First, the dataset shows the robustness of analysis pipelines to day-2 matrigel-surrounded organoids (Fig. 5). For one of those organoids, CellProfiler segments only the background for Lab B. For CellProfiler, OrganoSeg, and MOrgAnaMLP,W for both imaging labs, the models erroneously classify the surrounding matrigel as organoid. The SegFormer on the other hand correctly recognizes the organoid border.

Fig. 5
figure 5

Heterogeneous organoid phenotypes and different imaging features show robustness of organoid analysis pipelines. Shown are images of organoid 3 for days 2, 8, 10, 16, and 30, for both imaging labs in the first column. Columns 2–6 show ground truth (GT) organoid segmentation, CellProfiler prediction, OrganoSeg prediction, MOrgAnaMLP,W prediction, and SegFormer prediction. At day 2, the dark textured region around the centered circular region represents cell debris around the embryoid body. At day 30, the translucent circumferential structures are Matrigel matrix in which the organoids are embedded. Scale bar: 500 μm.

Second, it demonstrates the model robustness to the presence of distractors including light reflexes due to rims of plate wells or shadows and different colors caused by culture medium. Occasionally, CellProfiler and MOrgAnaMLP,W misclassify dark background as organoid for example for organoids on days 2, 8, 10, 16, 30 (CellProfiler) and days 10 and 30 (MOrgAnaMLP,W, Fig. 5). For day 30 and Lab A, the SegFormer erroneously segments two organoids instead of one.

Organoid growth monitoring

The dataset21 is ideal for benchmarking organoid growth as the four included clones show clearly distinct growing patterns (Fig. 6). TH2-7 grows fastest, A1A-1 grows second fast. B2A-2 has a growing delay compared to wt2D but catches up until the end of the observation period.

Fig. 6
figure 6

Clones with distinct growing patterns for comparison of organoid analysis pipelines. The rapid decrease in organoid size between days 5 and 8 is due to the transfer of organoids from the V-bottom 96-well to flat-bottom 24-well plates as V-bottom plates optically enlarge the organoids. For MOrgAnaMLP,W, and SegFormer, all model predictions are from out-of-fold predictions.

An ideal model for organoid growth monitoring, resembles exactly this pattern. The SegFormer almost perfectly represents the ground truth of organoid growth for both imaging labs (Fig. 6). OrganoSeg for Lab B roughly resembles the actual organoid growth. OrganoSeg for Lab A, CellProfiler, and MOrgAnaMLP,W show large deviations from the ground truth organoid growth, thus completely failing with reproducing the actual organoid growth pattern.

Additional to the visual observation of correctly resembling organoid growth, the ground truth organoid annotations allow to calculate the models’ maximum day-wise deviation of the actual organoid size (Supplementary Table 1).

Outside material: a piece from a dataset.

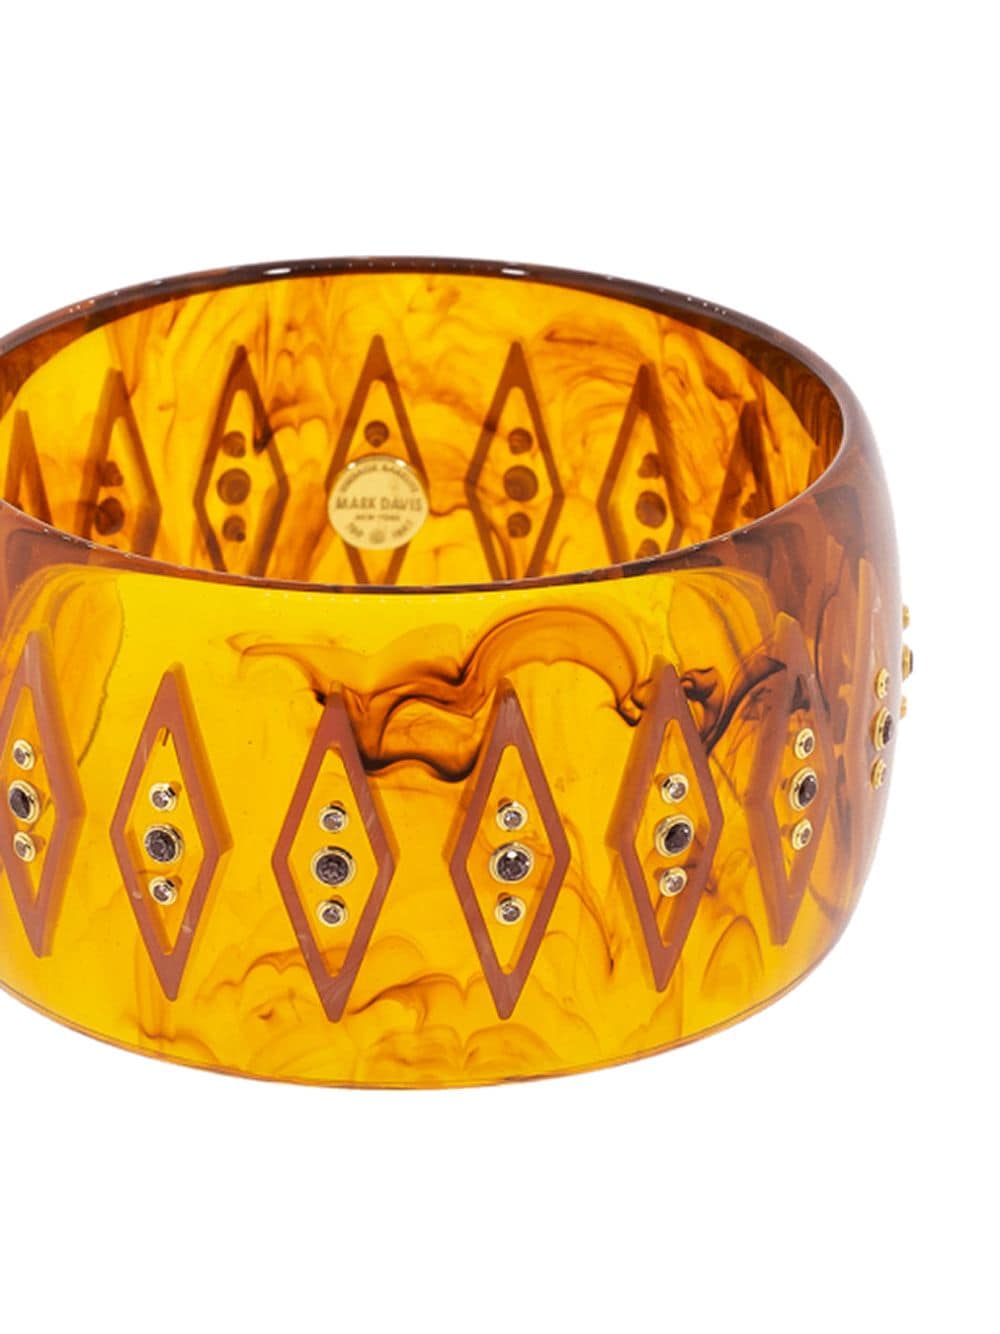 Image 2 of Mark Davis 18kt gold sapphire bakelite bangle bracelet

This shows that the SegFormer outperforms the remaining models for 8 of 10 days for Lab A and all days for Lab B with ±7% maximum day-wise deviation of the ground truth organoid size. CellProfiler, OrganoSeg, and MOrgAnaMLP,W show maximum day-wise deviations of the ground truth organoid size of 1768%, 303%, and 351% (Supplementary Table 1).

Clone diversity and similarity

Organoid morphology analysis revealed that the clones exhibit different morphologies (Fig. 7). Especially A1A-1, TH2-7, and B2A-2 are rather clearly separated for the majority of days (2, 5, 12, 16, 19, 22, 25). WT2D seems to be similar to A1A-1 on days 2, 5, 8, 16, 19, 22, and 25.

Fig. 7
figure 7

Day-wise diversity of clones. First two principal components of Principal Component Analysis based on nine z-score normalized PyRadiomics 2D imaging features for each imaging day.